Diese Stimme, die dir sagt, dass du gleich auffliegen wirst? Jeder Tech Leader kennt sie.


My personal story

Manchmal, wenn ich CTO oder Engineering Manager war, besonders nachdem ich für eine neue Position eingestellt wurde, "einen Sprung nach oben gemacht" hatte, mich im Bewerbungsgespräch sehr gut verkauft hatte, verantwortlich war für Dutzende Entwickler, QA, DevOps und Data Teams, Websites mit Millionen Usern, Gespräche mit erfahrenen CEOs führte - fragte ich mich "Was mache ich hier?
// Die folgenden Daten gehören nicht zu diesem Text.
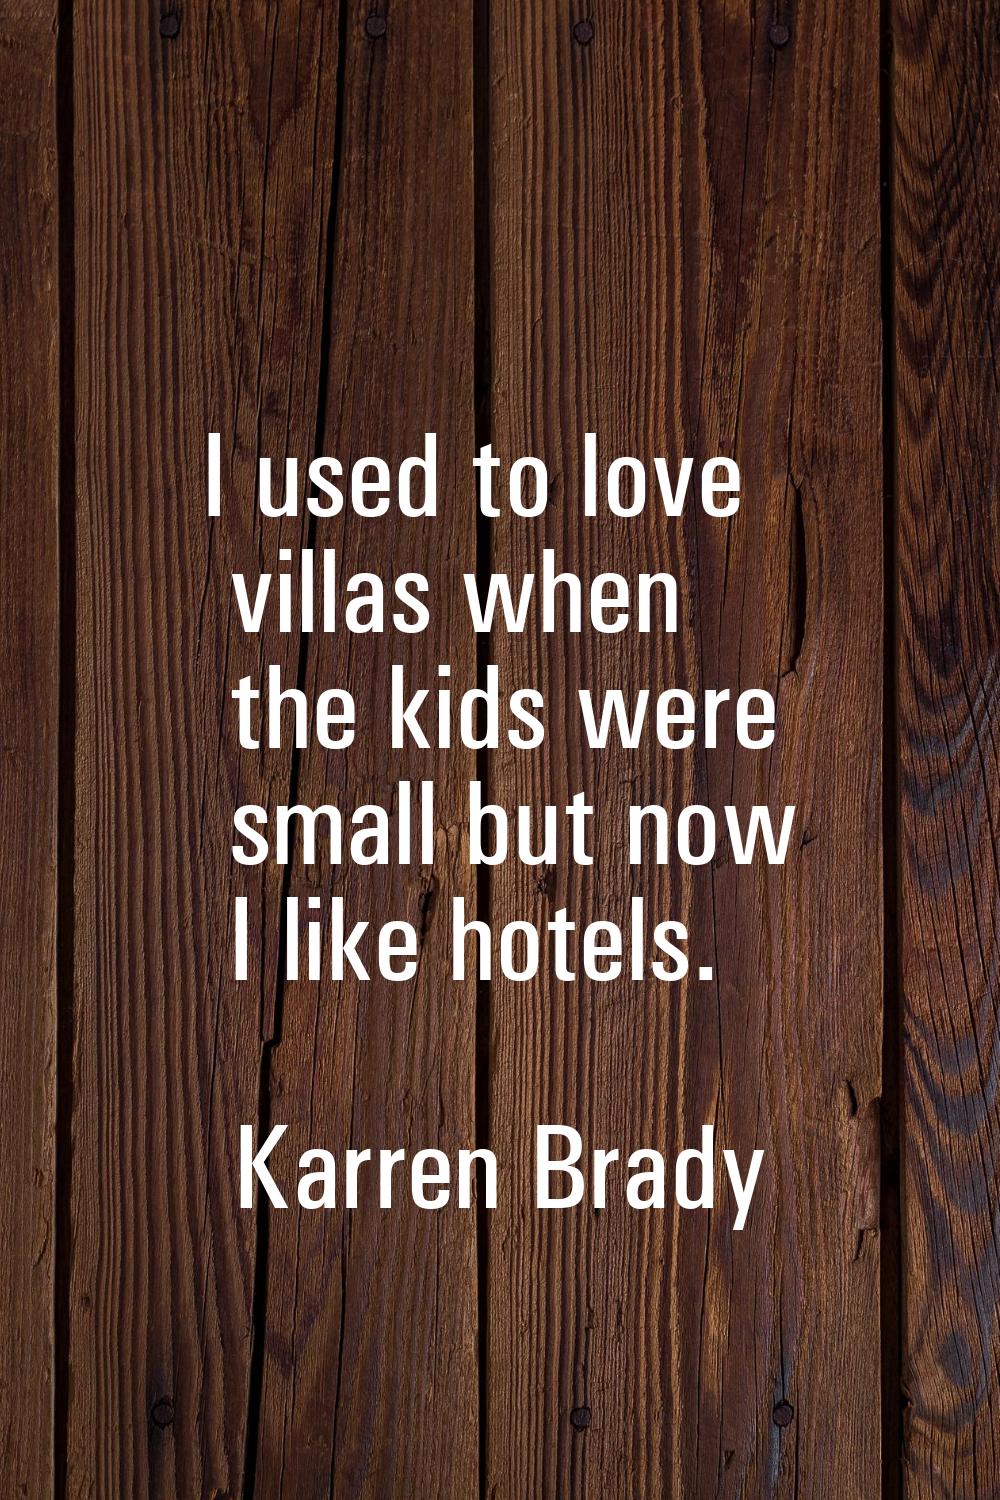 I used to love villas when the kids were small but now I like hotels.

Bin ich überhaupt qualifiziert?" Aber die Dinge liefen voran, ich bekam positives Feedback, und als ich mich umsah, stellte ich fest, dass ich - faktisch - die am besten qualifizierte Person für den CTO Posten im Unternehmen war - und solange ich nicht gefeuert wurde, ist alles okay.

Die versteckte Epidemie

Du bist in einem Board Meeting. Alle schauen dich an für die Technologie-Antwort. Und irgendwo im Hinterkopf flüstert eine Stimme: “Sie werden herausfinden, dass ich nicht wirklich weiß, was ich tue.”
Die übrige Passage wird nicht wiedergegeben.